Obtaining and using “dirt” on a political opponent in order to gain an advantage is as old as politics itself.  The election of 2016 was no different and some have said that, although a brutal campaign, it was somewhat tame compared with presidential campaigns in our past.  In 2016, the candidates were literal open books whose lives had been probed in numerous articles and books, research papers, policy papers, and innuendo.  

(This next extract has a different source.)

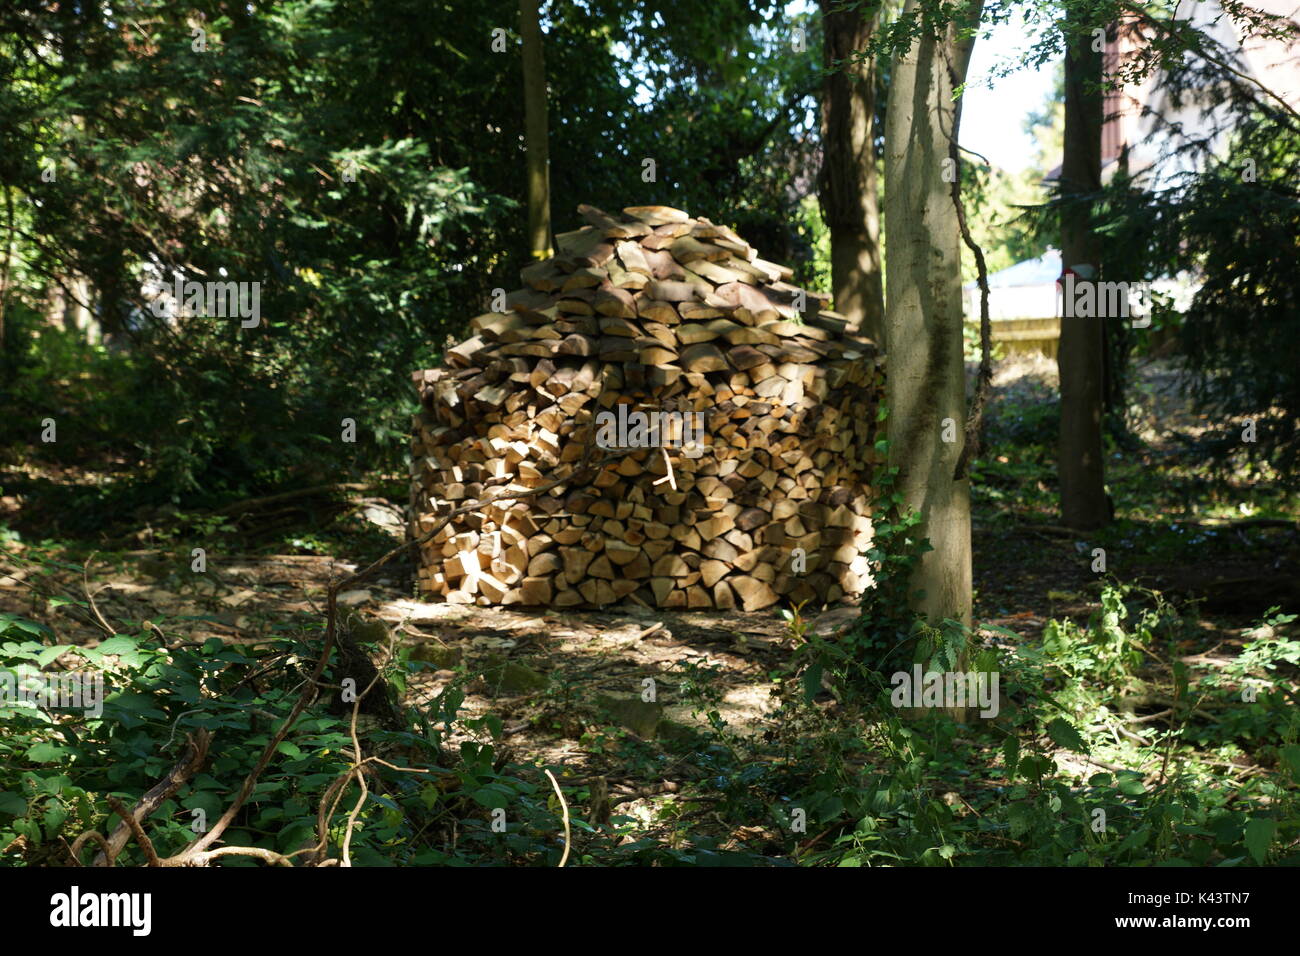 Wood, Stack Firewood, Winter Fuel, Cord Wood, Lumber, Decorative, Rustic, Wood Burner, Stove, Split Wood, Woodpile,Natural Fuel, Environmental. Stock Photo
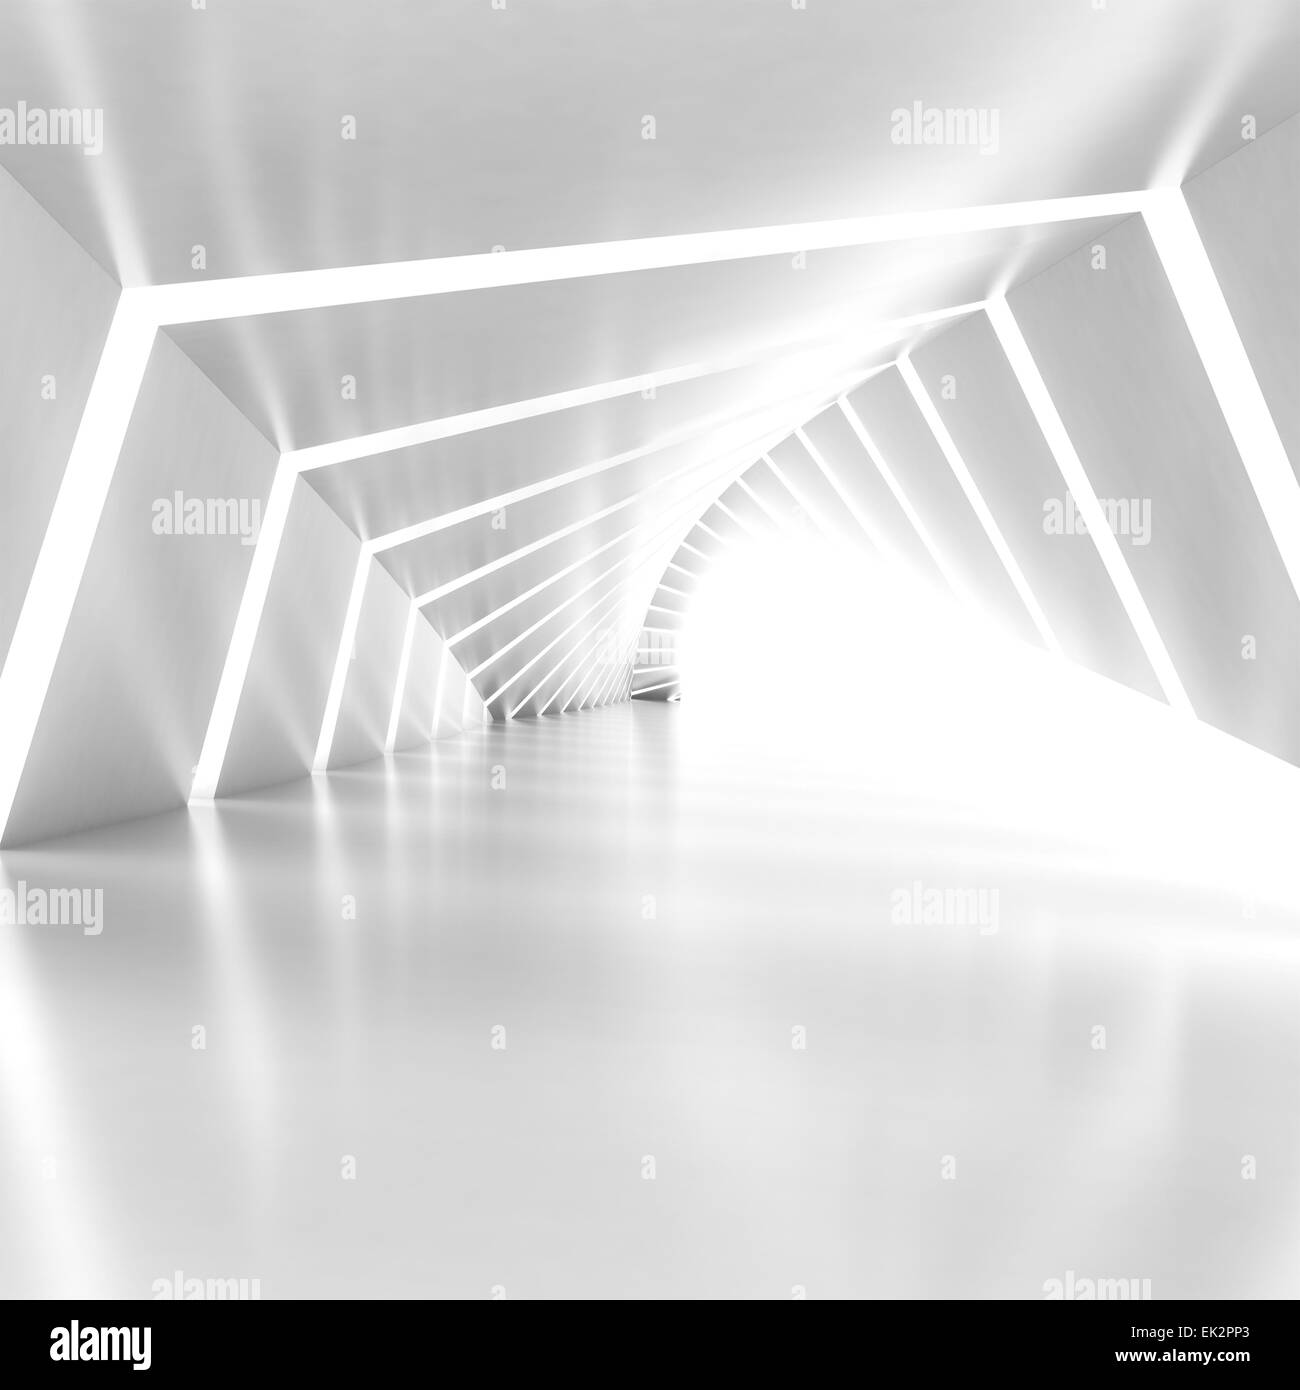 Abstract empty illuminated white shining bent corridor interior, 3d render illustration, square composition Stock Photo

The American electorate was presented with a choice of two controversial candidates for different reasons.  It would logically stand to reason that both Trump and Clinton would seek out any advantage they could to tip the scales.  Some have argued that Trump tipped the scales and broke through an unwritten barrier by soliciting the help of a foreign government.  Others have argued that Clinton went beyond the pale by soliciting the aid of Ukraine, a country that two years previous suffered a violent revolution leaving over 100 people dead.

One of the more interesting aspects of the saga was a meeting held on June 9, 2016 in Trump Tower in which the candidate, Donald Trump, was not present.  It involved his son, Donald, Jr., his son-in-law, Jared Kushner, and his campaign manager, Paul Manafort.  On the other side were several Russians and a British publicist.  No one had heard of the meeting until Kushner filed revised paperwork for a security clearance after the election in July 2017 when he disclosed the meeting.  The resulting firestorm in the press after those revelations set off alarm bells in the press and on the Left as proof that the Trump campaign was conspiring with the Russians.   

The meeting was extensively covered by the press, Congressional investigations, the FBI, and eventually by Robert Mueller.  In the end, one is left with the impression that members of the Trump campaign were politically naive.   Surprisingly, despite the campaign being under the investigative microscope, no one knew about the meeting until Kushner’s noting it on a security clearance form in April 2017.  If the meeting was nefarious, then why disclose it?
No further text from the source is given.